Another of our stories has just started playing with the "gauntlet pattern" as the article describes. For this one, we decided that all chapters must be in the "same universe", just following different characters' perspectives, and are planning for certain "anchor chapters" where all characters come together for a meeting. Probably the detective questioning them as a group (it's a murder mystery).

All of our stories are supposed to be literary, so usually in third person, sometimes first, never the second-person. So we don't tend to use choices and chapters as directions and rooms; it's all about how the plot moves. We also don't track state; they're designed to be able to be printed as books people can page through.

Overall a super-fun project for me and a handful of other writers, it's been a consistent way to spend a few hours of fun each week.

flpm

This is very interesting, thanks for posting! Makes me think of the big choice diagrams in Detroit: Become Human. I wonder if there is any literature about this?

photonthug

> I wonder if there is any literature about this?

Came here looking for the same.. some kind of map from the game design angle more towards game theory.

Fun semi related tangent, I was curious to know authors background, and the About page quotes Borges “garden of forking paths” which jives nicely with tfa. Cataloging rather than inventing is an underrated activity in math sometimes, and we need to do both. Game garden taxonomy!

the__alchemist

I'm curious about Alpha Protocol. Probably the #1 game I've played for choices matter.

Detroit is interesting, in that it includes some choices made by passing or failing QTEs. They really did the "You will get emotionally stomped if you screw this up!" well in that game. I don't know its structure well, as I only played it once. (So experience only one path.)

Unless you count time caves like The Stanley Parable!

kelseyfrog

Reminds me of Disco Elysium Explorer[1]. Conversations 7, 8, 9, and 10 are great real life examples.

1. http://134.0.119.41

Over2Chars

gauntlet looks like GTA V's pattern

codazoda

This is fantastic.
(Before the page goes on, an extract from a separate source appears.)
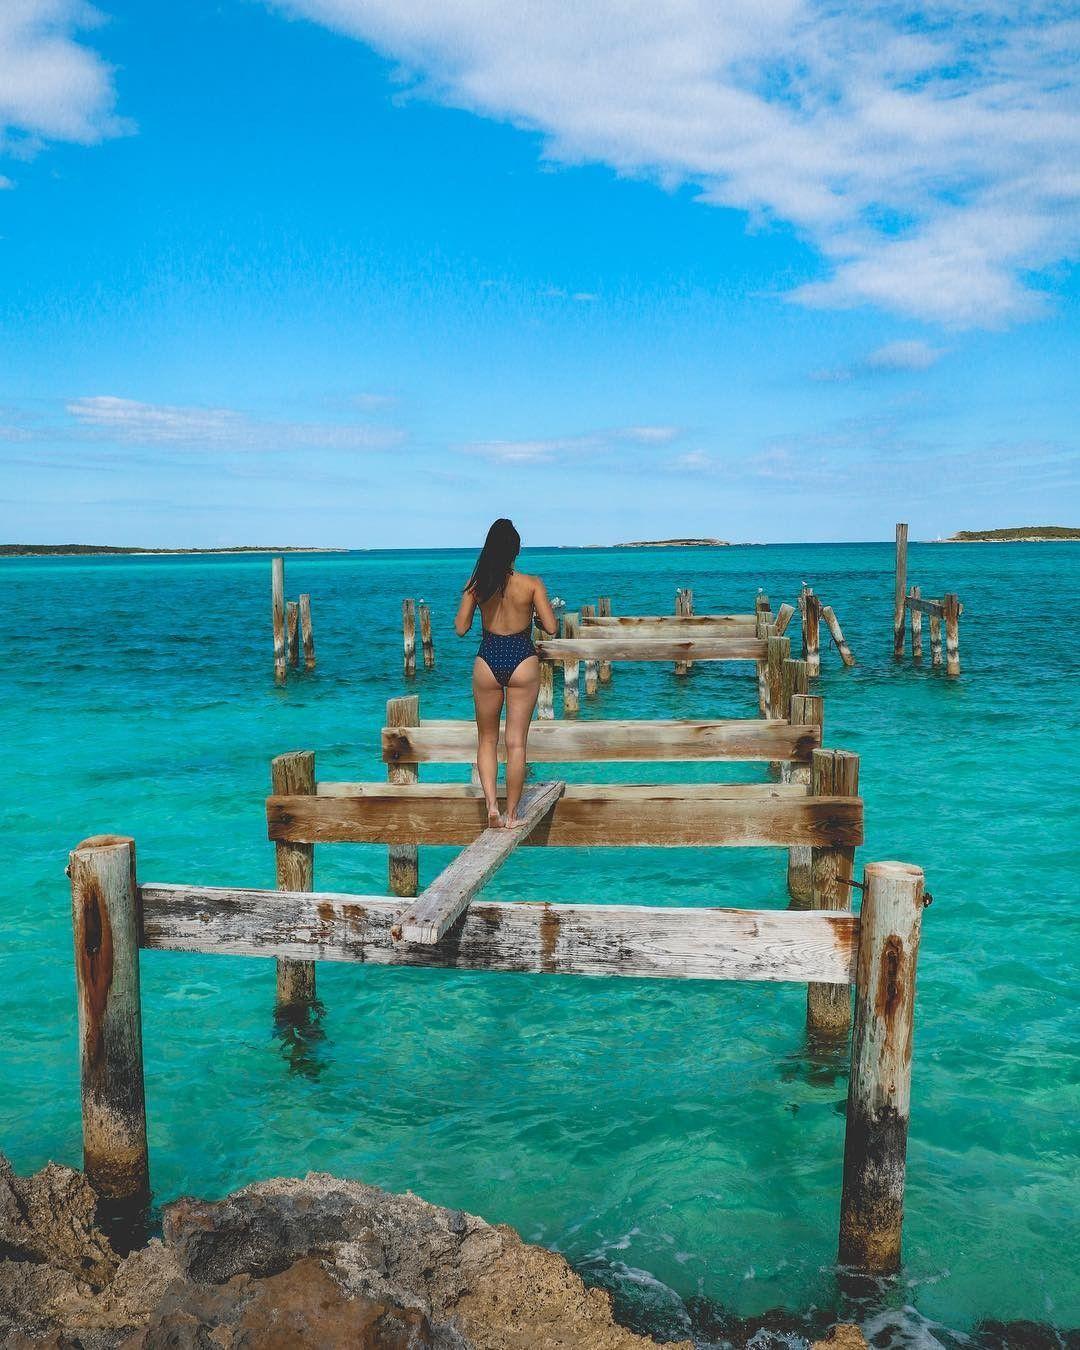 dayyachtcharter posted to Instagram: Exuma The Bahamas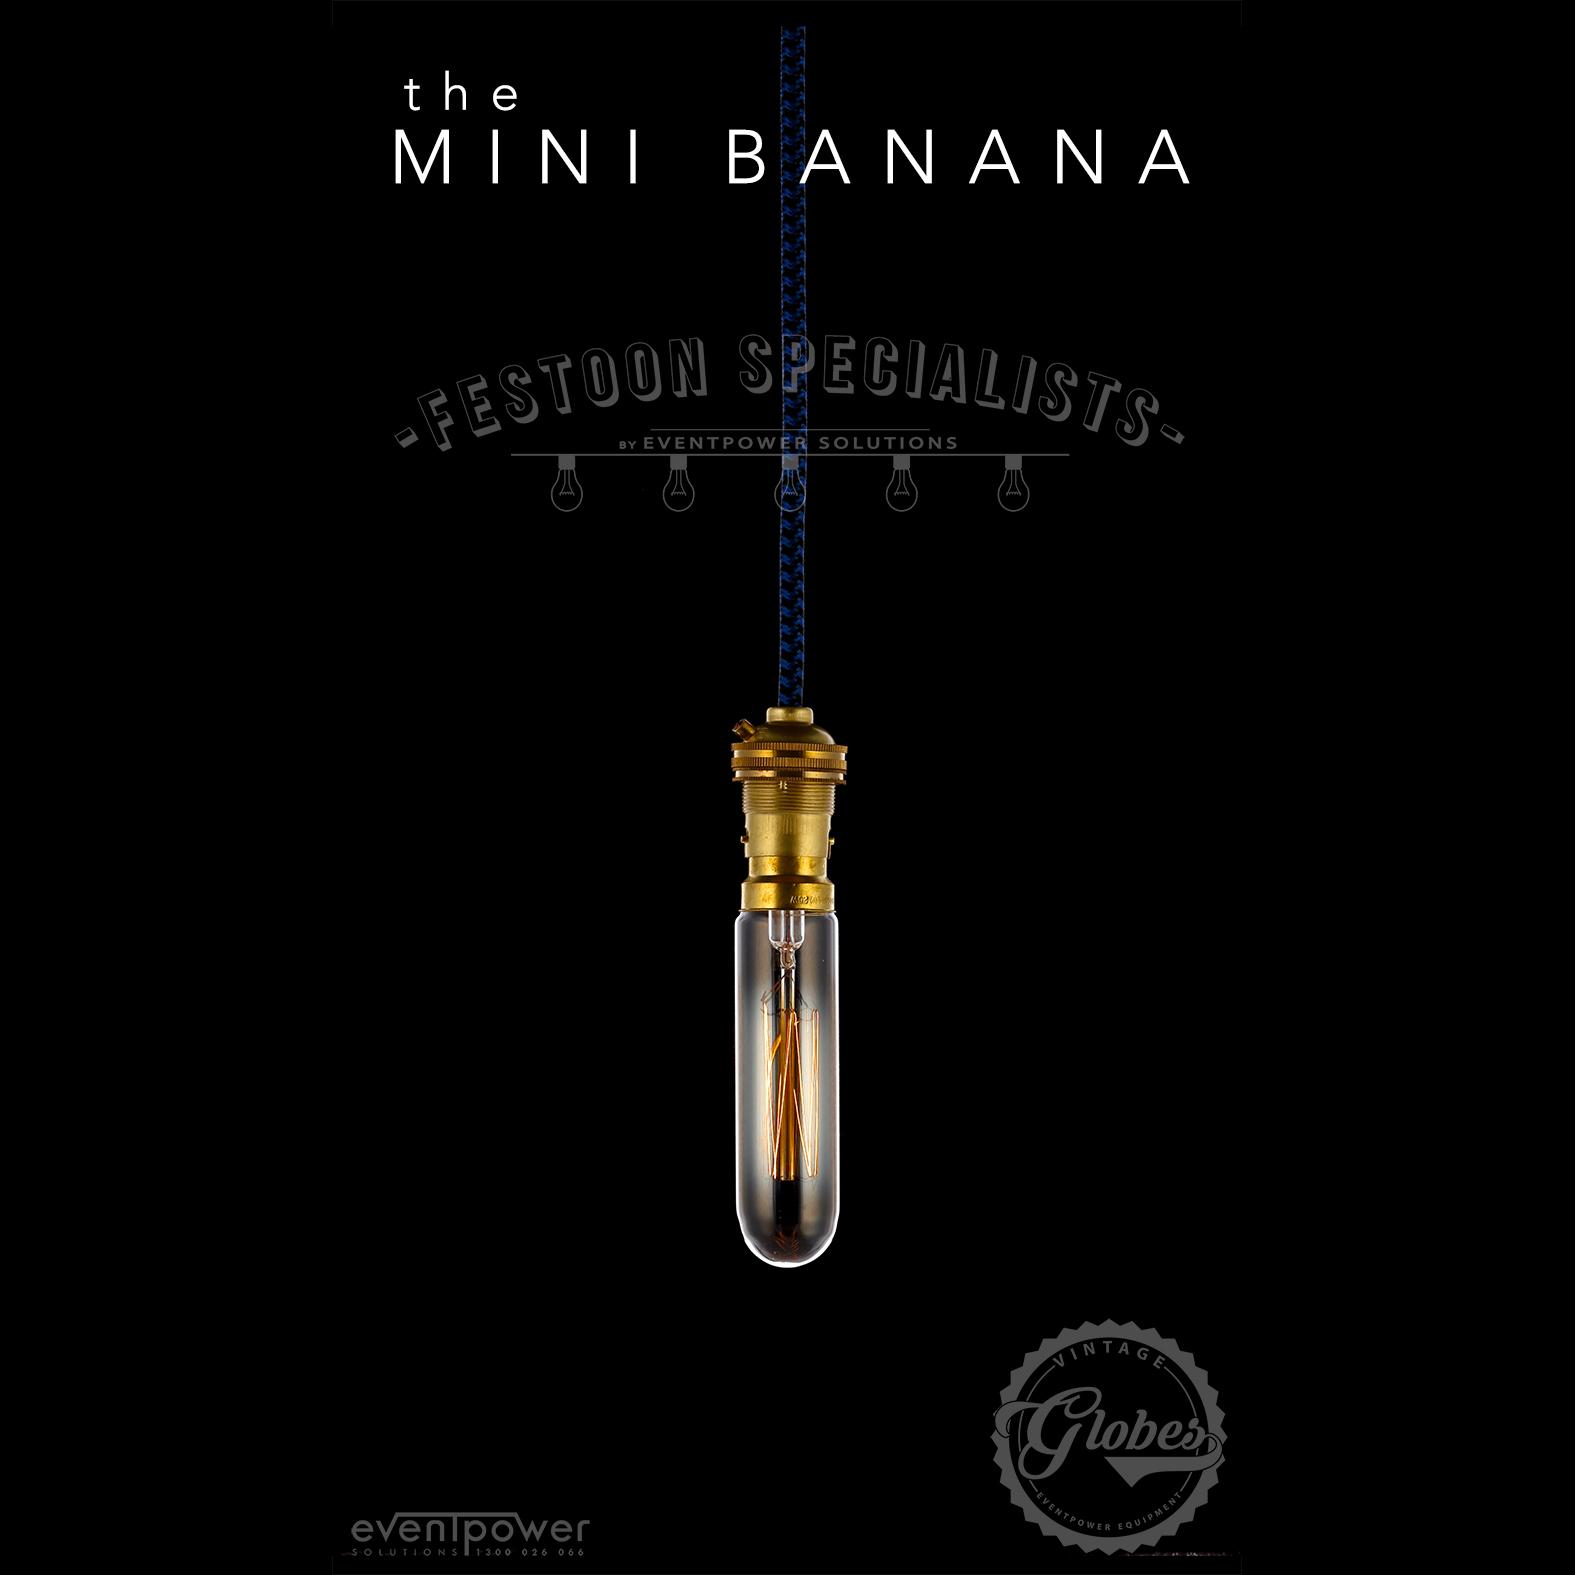 Festoon_Specialists-Mini_Banana.jpg

Does anyone have any book references that help you do writing in some of these formats.

egglemonsoup

not sure if this perfectly addresses your question, but "Designing Games" by Tynan Sylvester is a great resource

null

[deleted]

quotemstr

Nier Automata is my favorite example of the relatively rare "Loop and Grow" pattern. You play through the game three times, with each iteration enriching and elaborating on the story and characters. Brilliant and weird narrative structure.